The problem -> Retype exactly every line from the one that includes "Operating activity-addition to" through the final line of the listing, both ends kept, and omit the pictures.
•••••
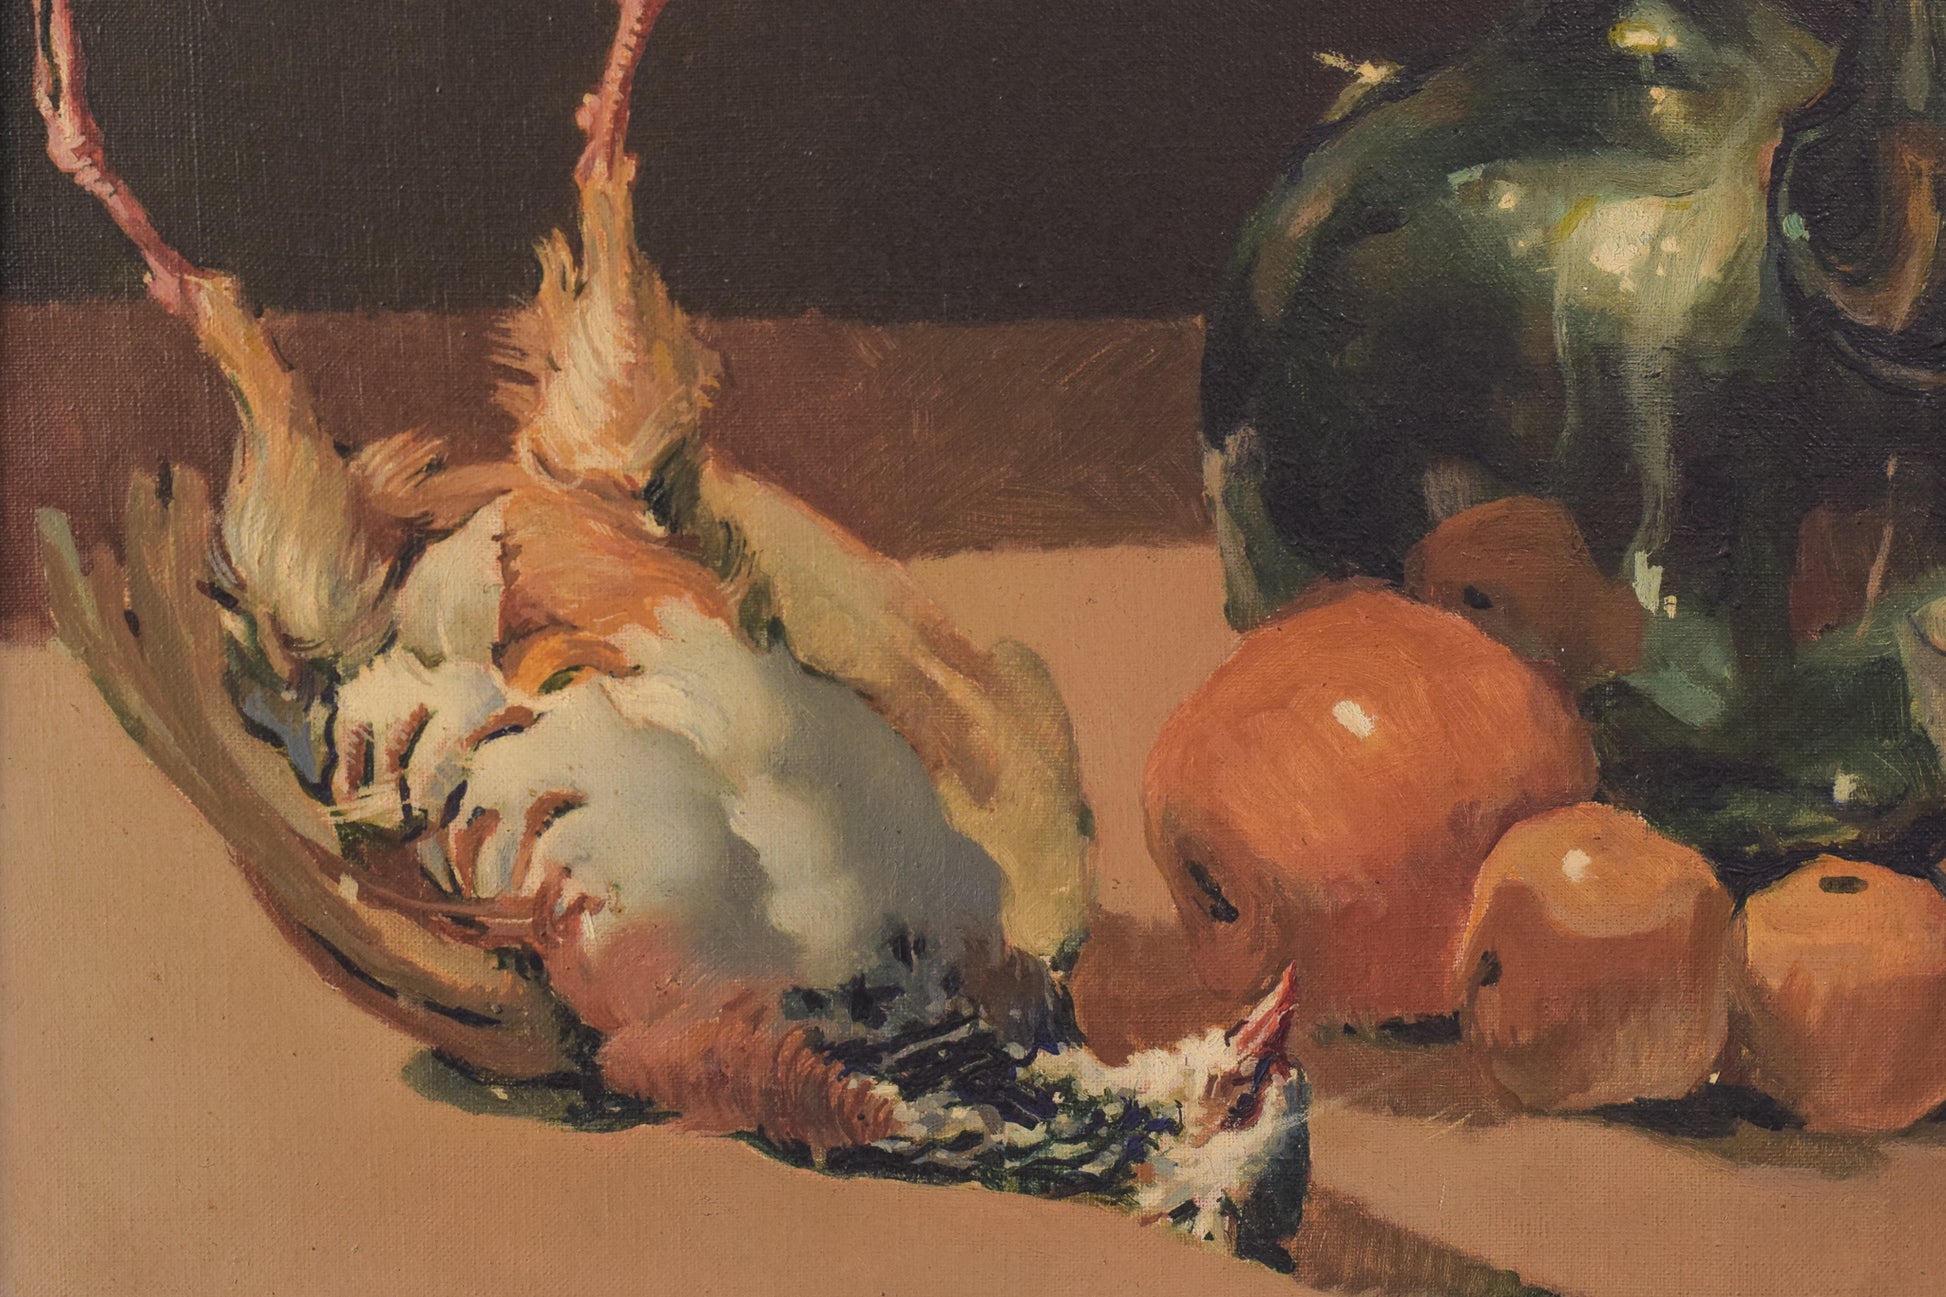 Still Life with Jug and Oranges
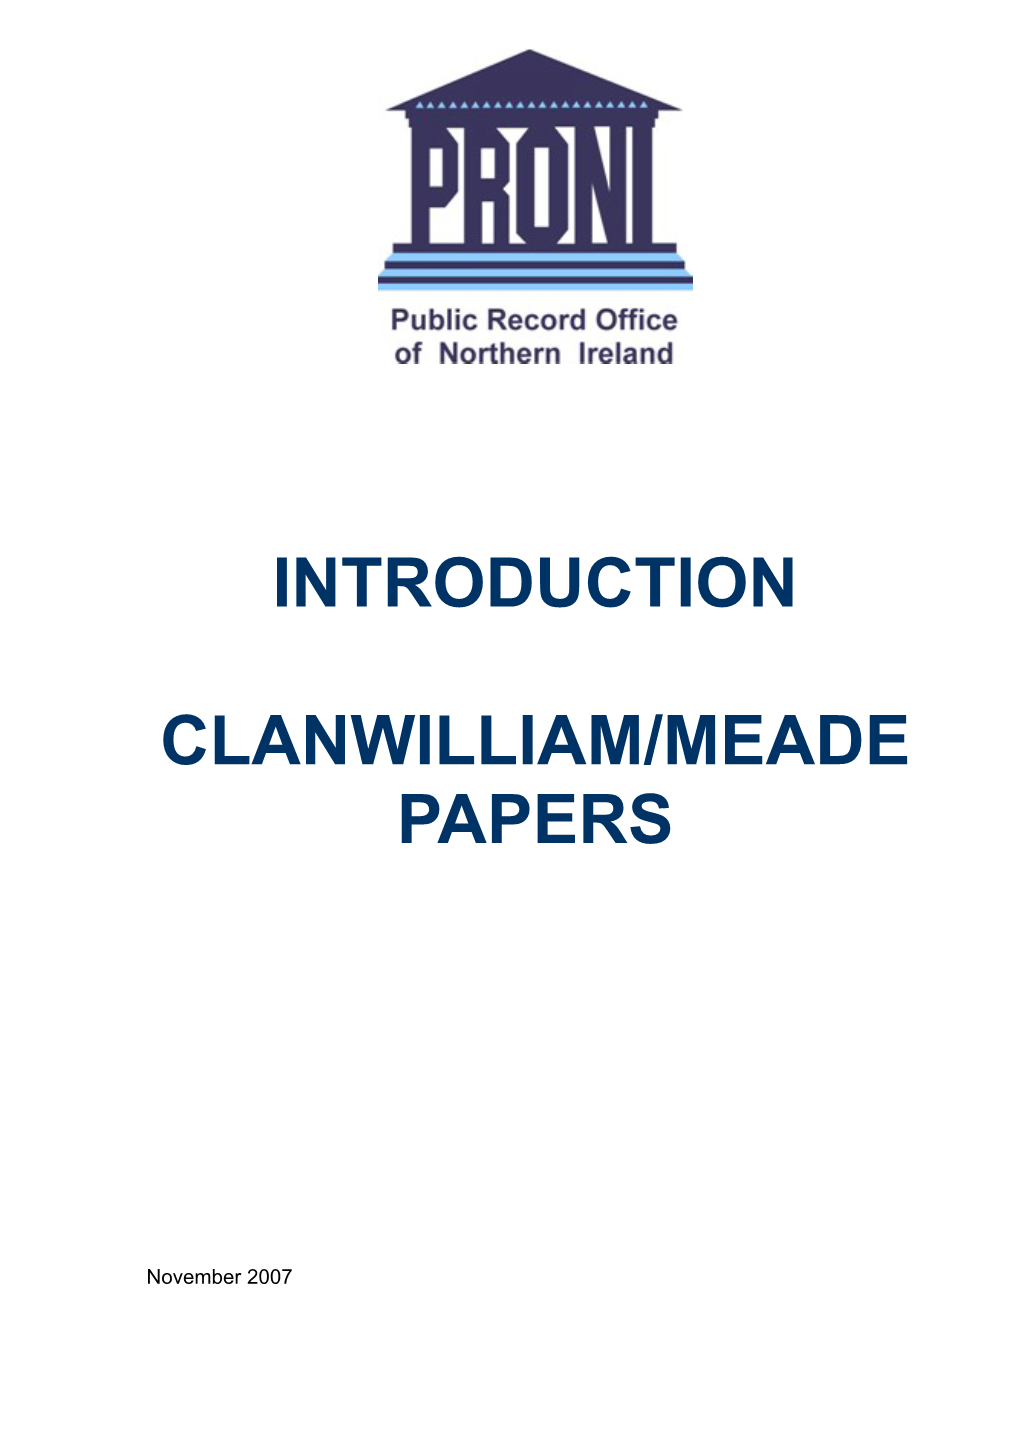 Introduction to the Clanwilliam/Meade Papers
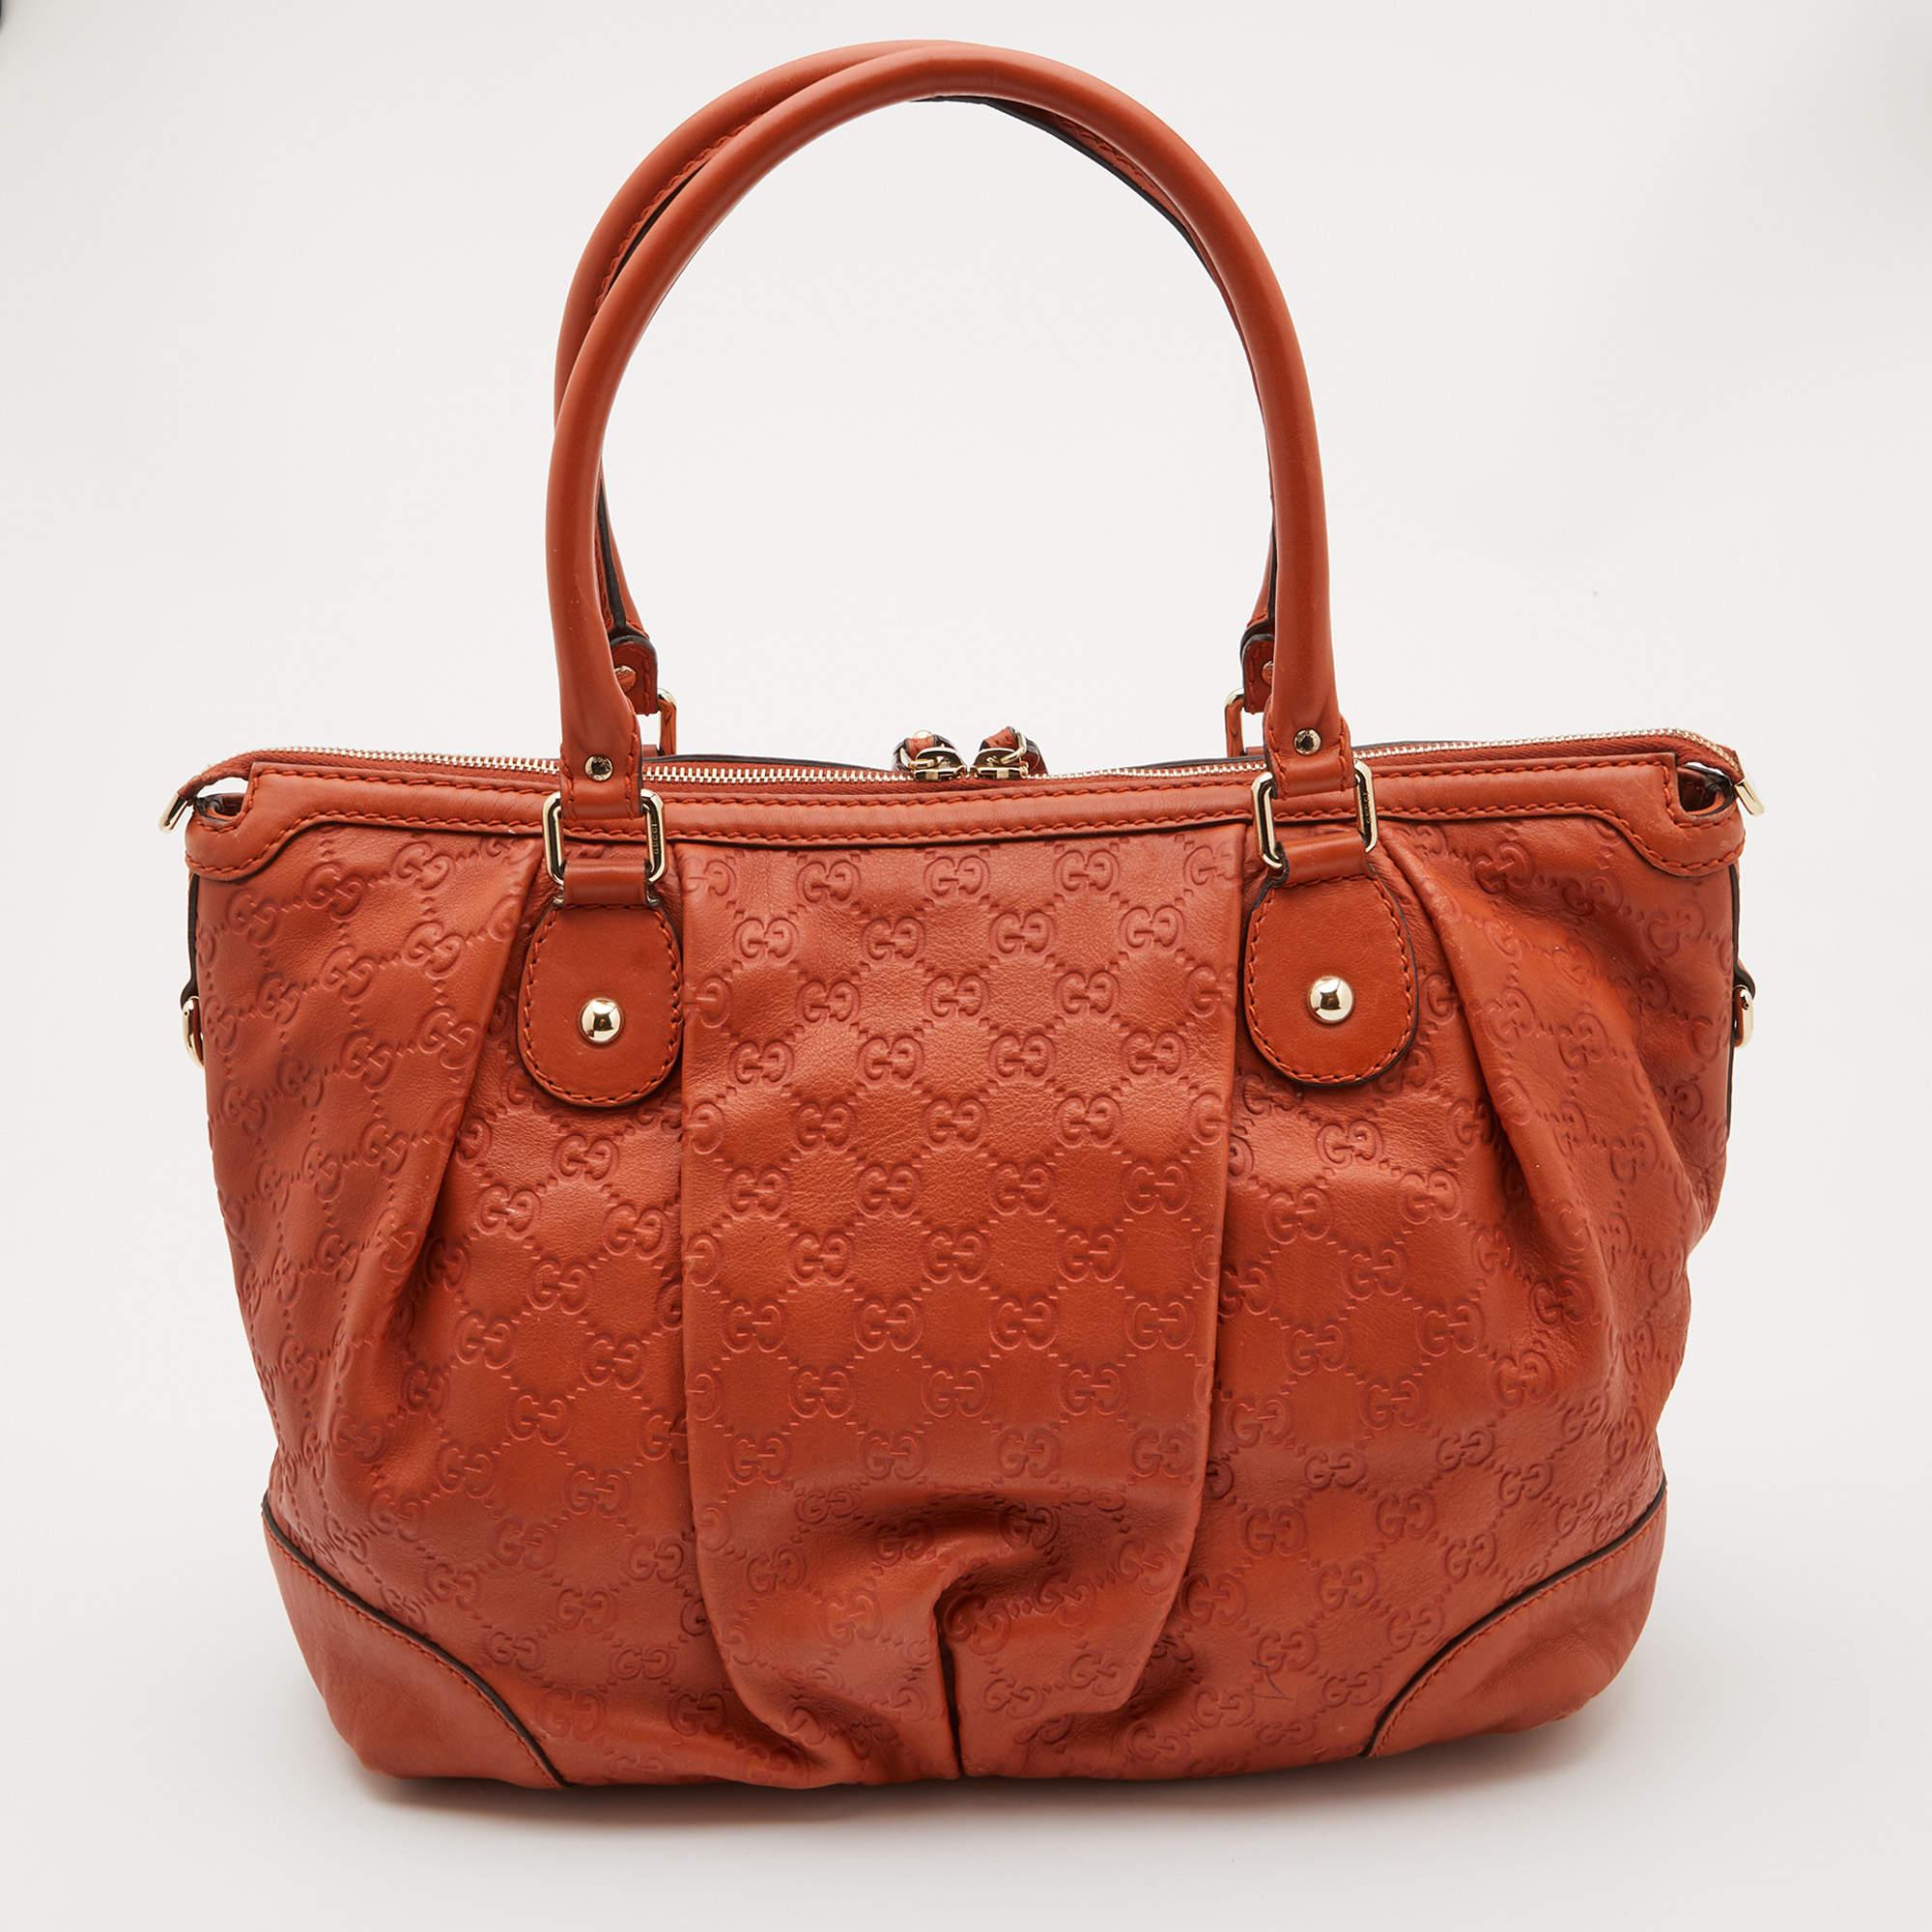 The Sukey is one of the best-selling designs from Gucci and we believe you deserve to have one too. Crafted from Guccissima leather and equipped with a spacious interior, this bag will work perfectly with any outfit. It is complete with two handles
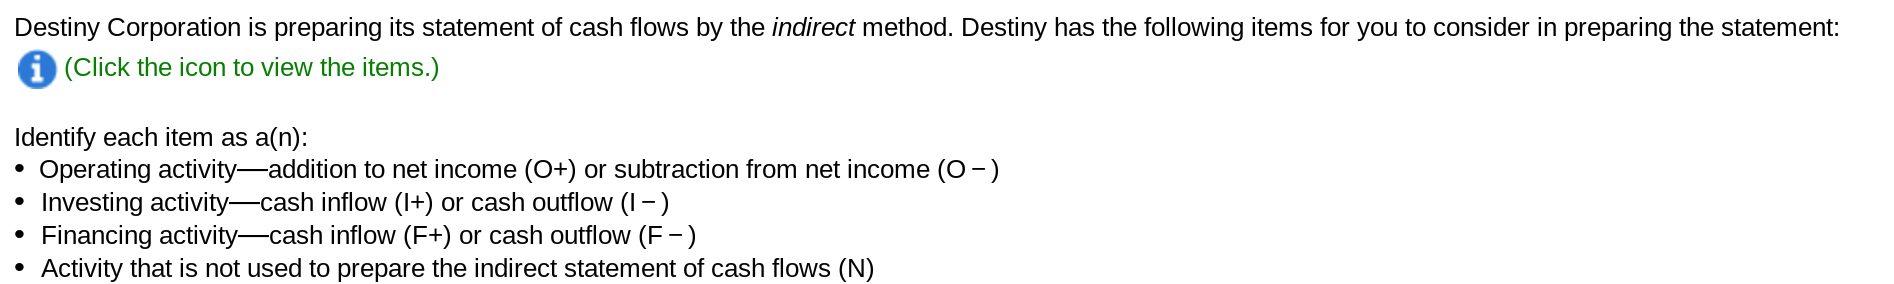 Destiny Corporation is preparing its statement of cash flows by the indirect method. Destiny has the following items for you to consider in preparing the statement:
(Click the icon to view the items.)
Identify each item as a(n):
Operating activity-addition to net income (O+) or subtraction from net income (O-)
Investing activity-cash inflow (I+) or cash outflow (I-)
Financing activity-cash inflow (F+) or cash outflow (F -)
Activity that is not used to prepare the indirect statement of cash flows (N)
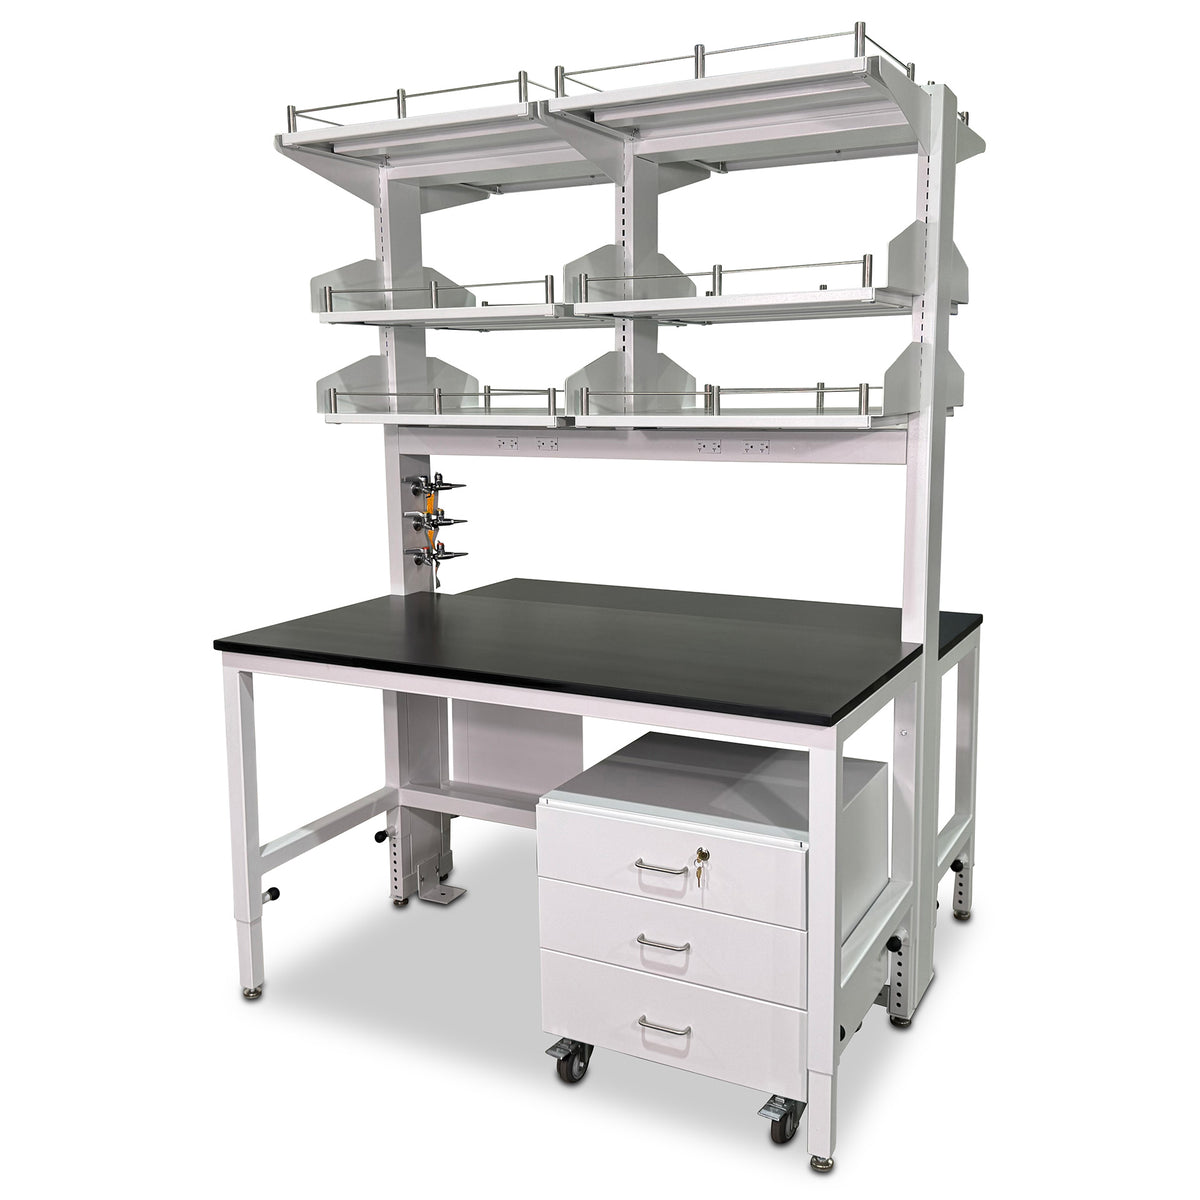 Avatar Lab Bench System - 04 - Double
•••••
Solution to this exercise ->
Operating activity-addition to net income (O+) or subtraction from net income (O-)
Investing activity-cash inflow (I+) or cash outflow (I-)
Financing activity-cash inflow (F+) or cash outflow (F -)
Activity that is not used to prepare the indirect statement of cash flows (N)
 Avatar Lab Bench System - 04 - Double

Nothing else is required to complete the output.